Action item: Please repeat the whole listing exactly, but leave out any picture it holds.

Provided data:
=== Begin Enclosure ===

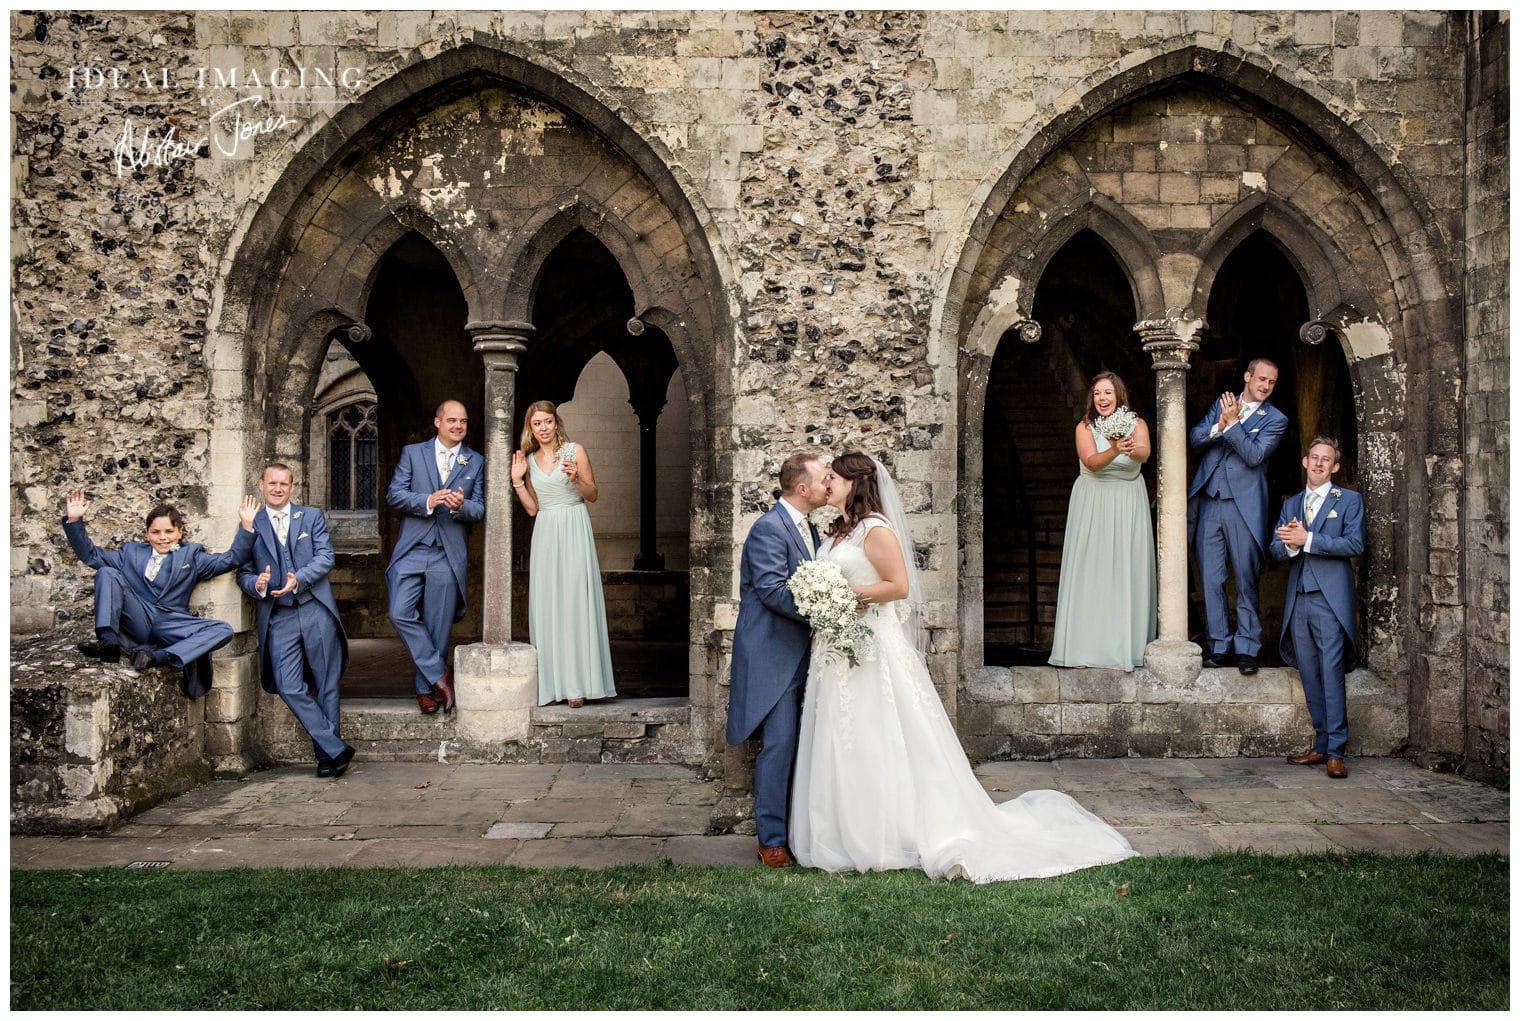 canterbury_cathedral_wedding-097
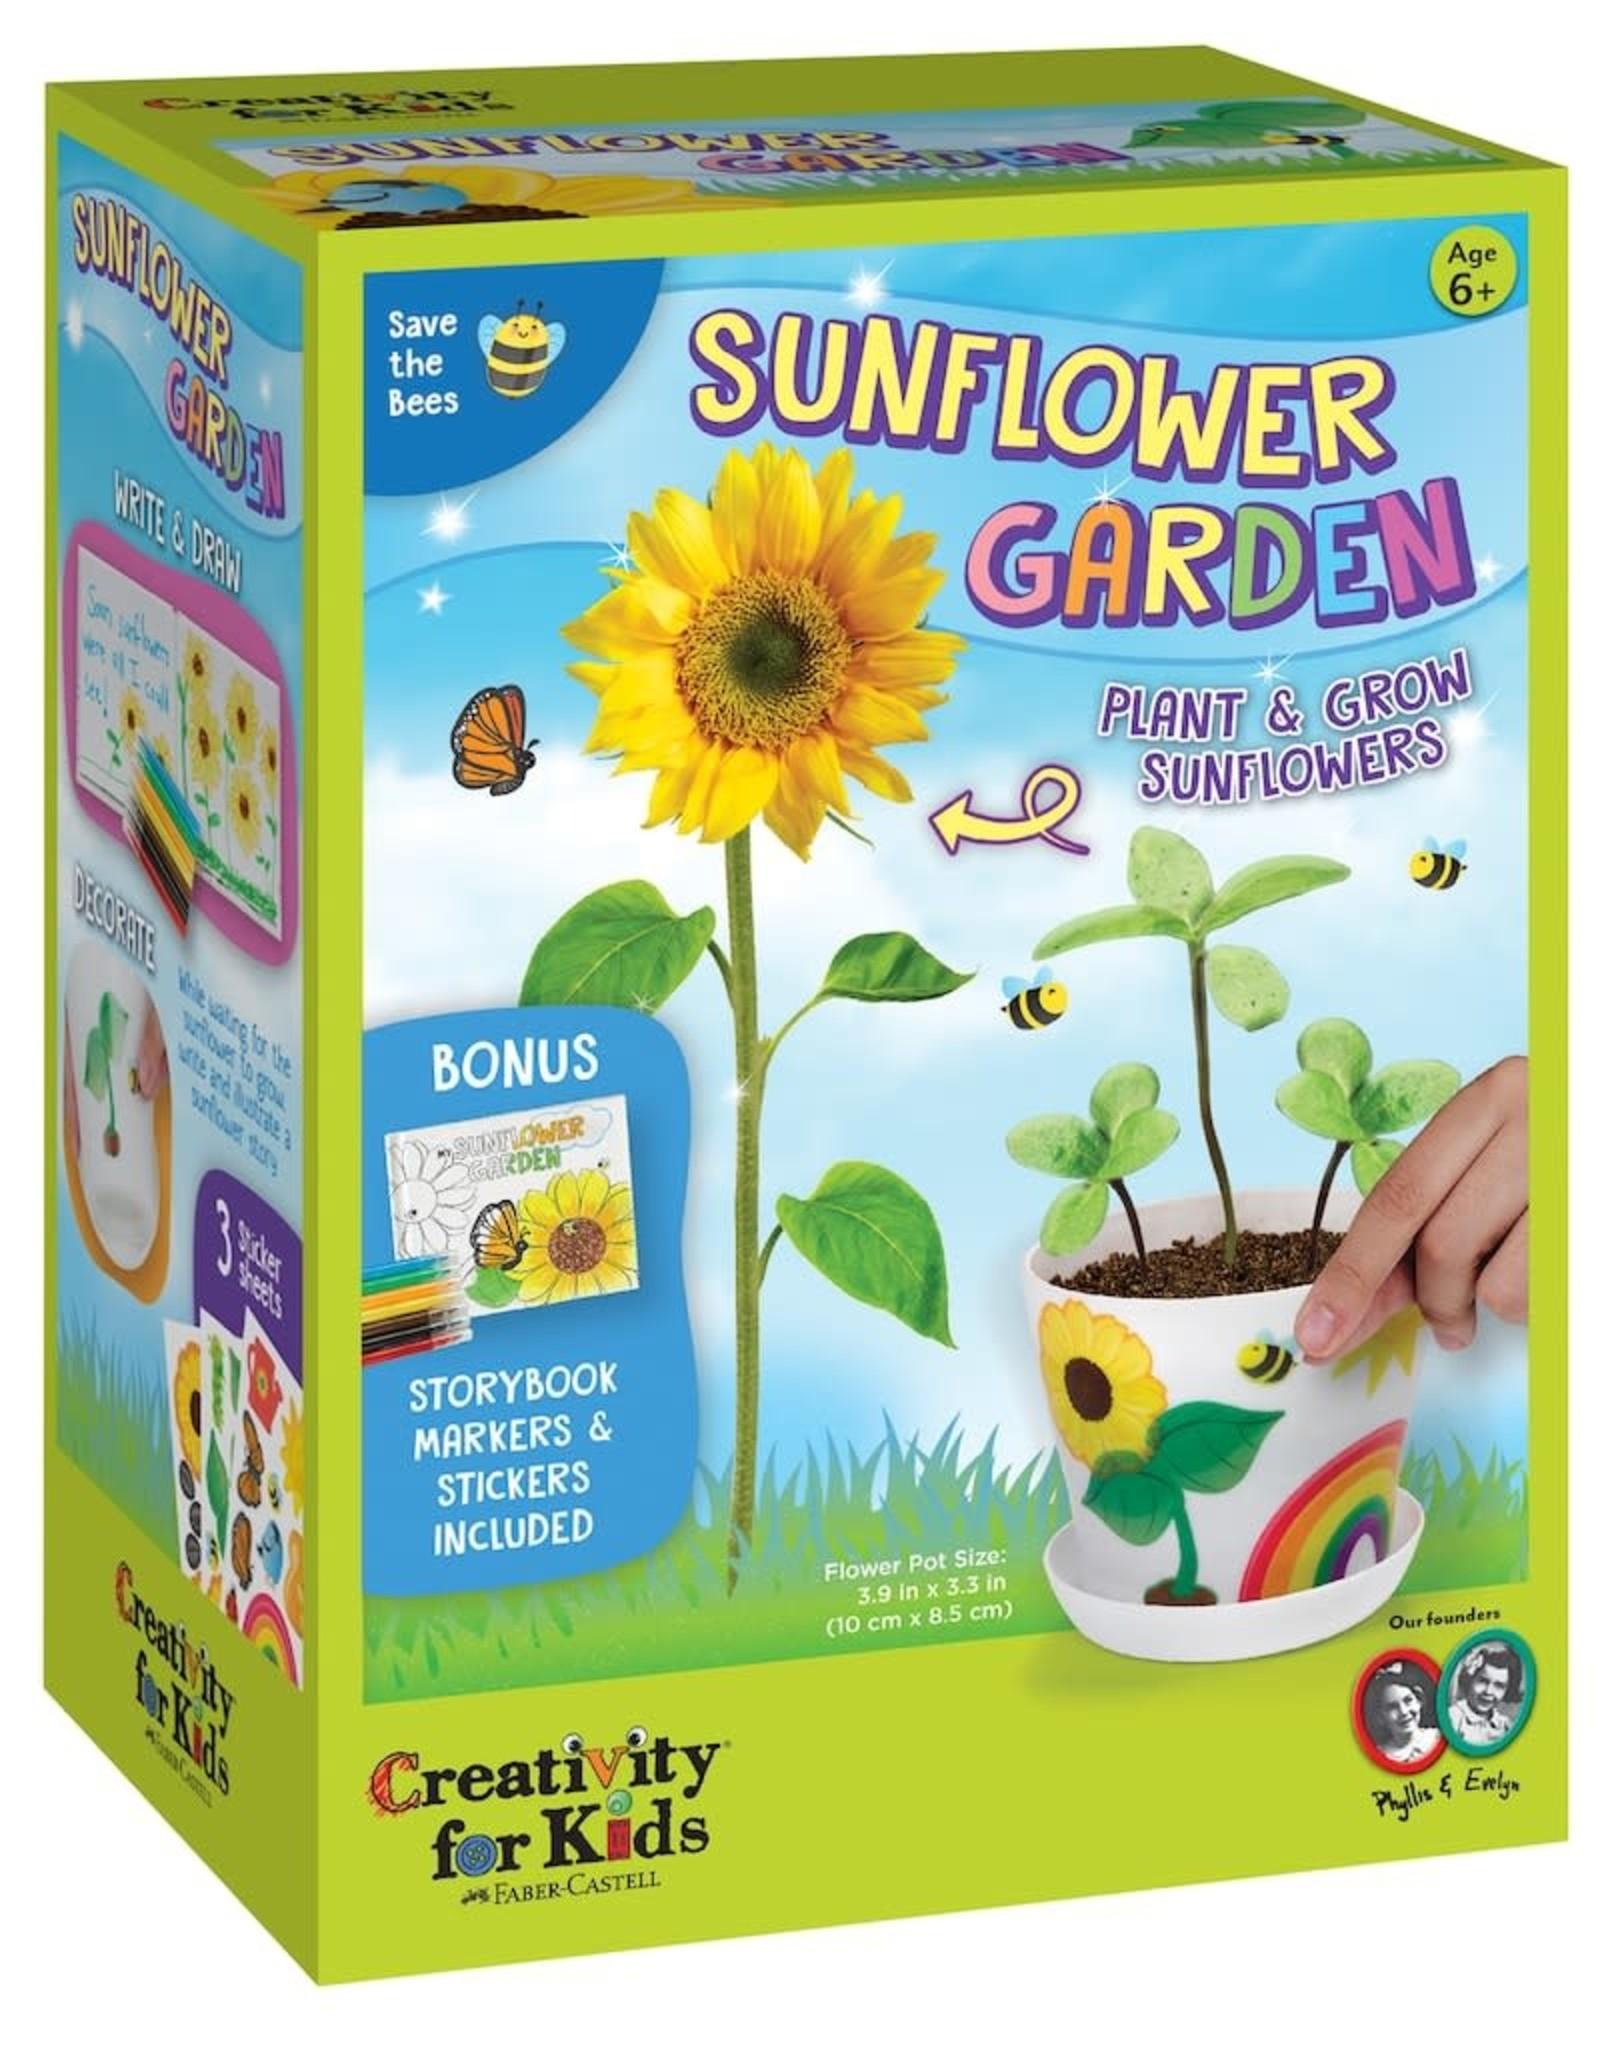 Creativity For Kids Sunflower Garden
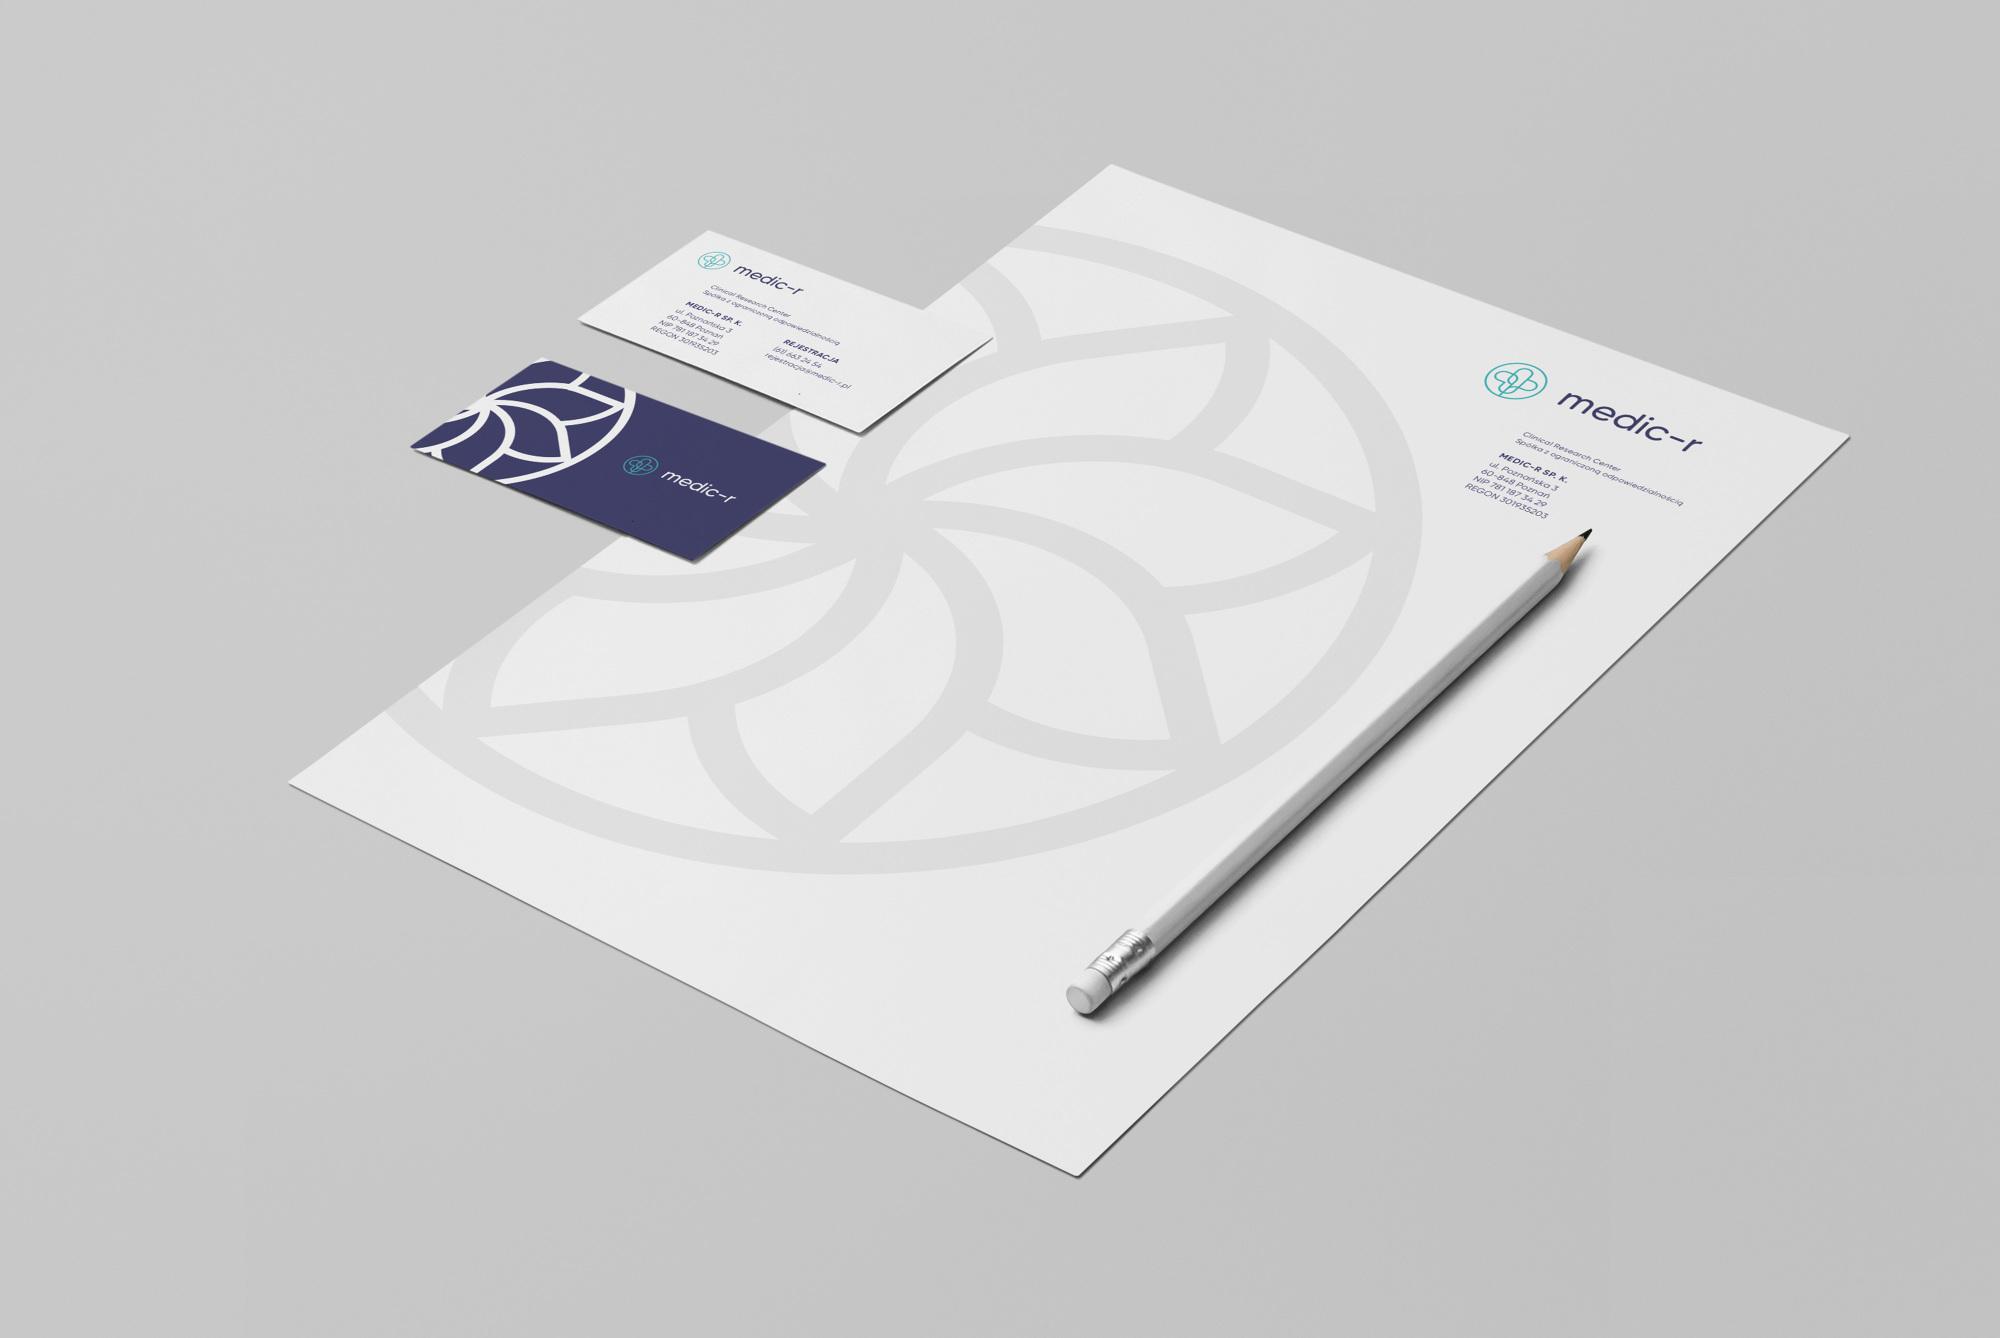 MEDIC-R 私人诊所品牌标识设计©Uniforma
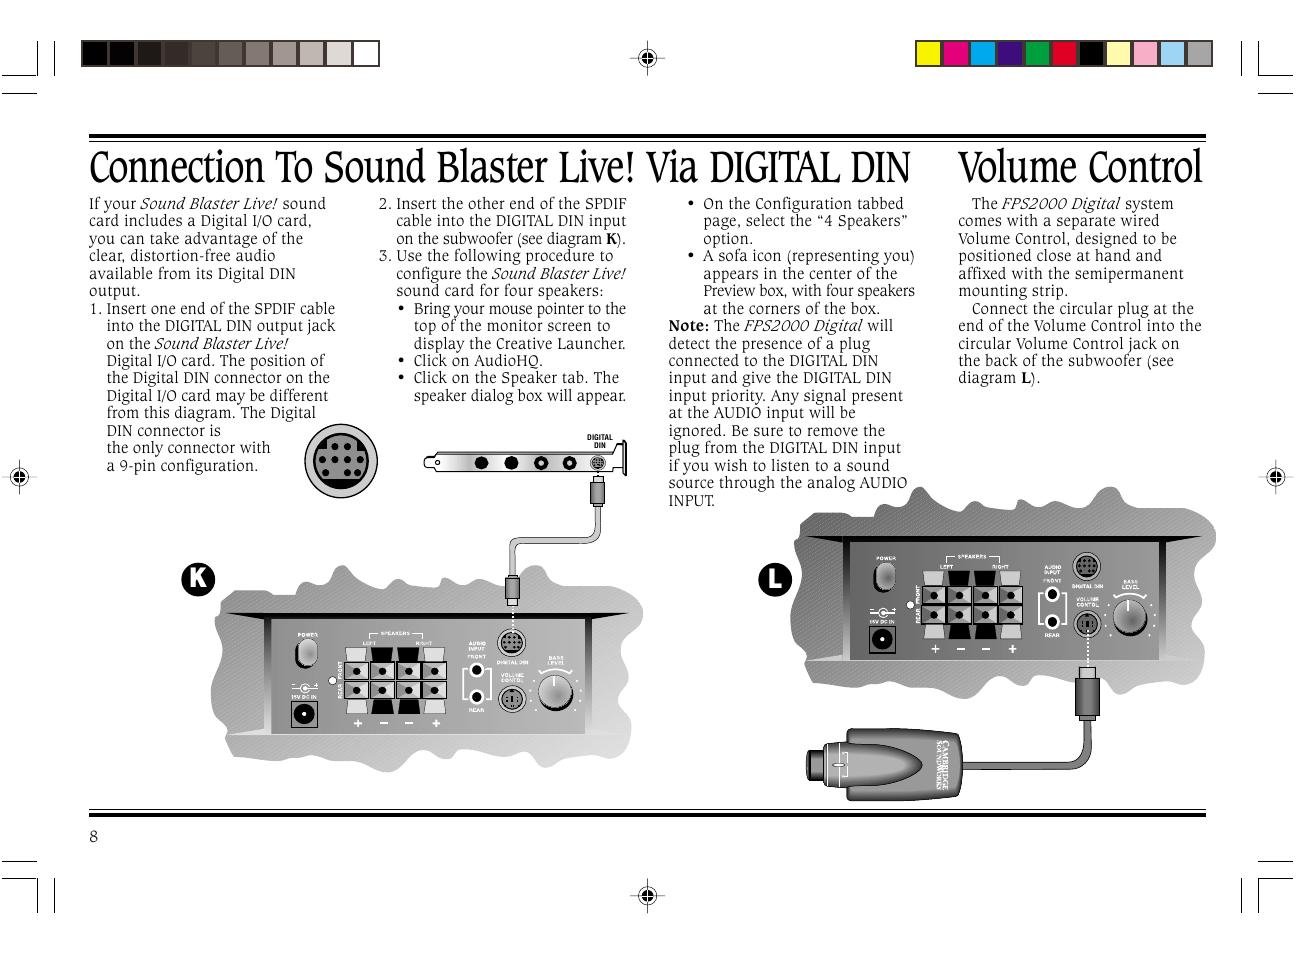 Cambridge Soundworks Subwoofer Wiring Diagram Live Sound Volume Control Connection To Blaster Via Digital Din Repair

=== End Enclosure ===

Exercise answer:
 canterbury_cathedral_wedding-097
 Creativity For Kids Sunflower Garden
 MEDIC-R 私人诊所品牌标识设计©Uniforma
 Cambridge Soundworks Subwoofer Wiring Diagram Live Sound Volume Control Connection To Blaster Via Digital Din Repair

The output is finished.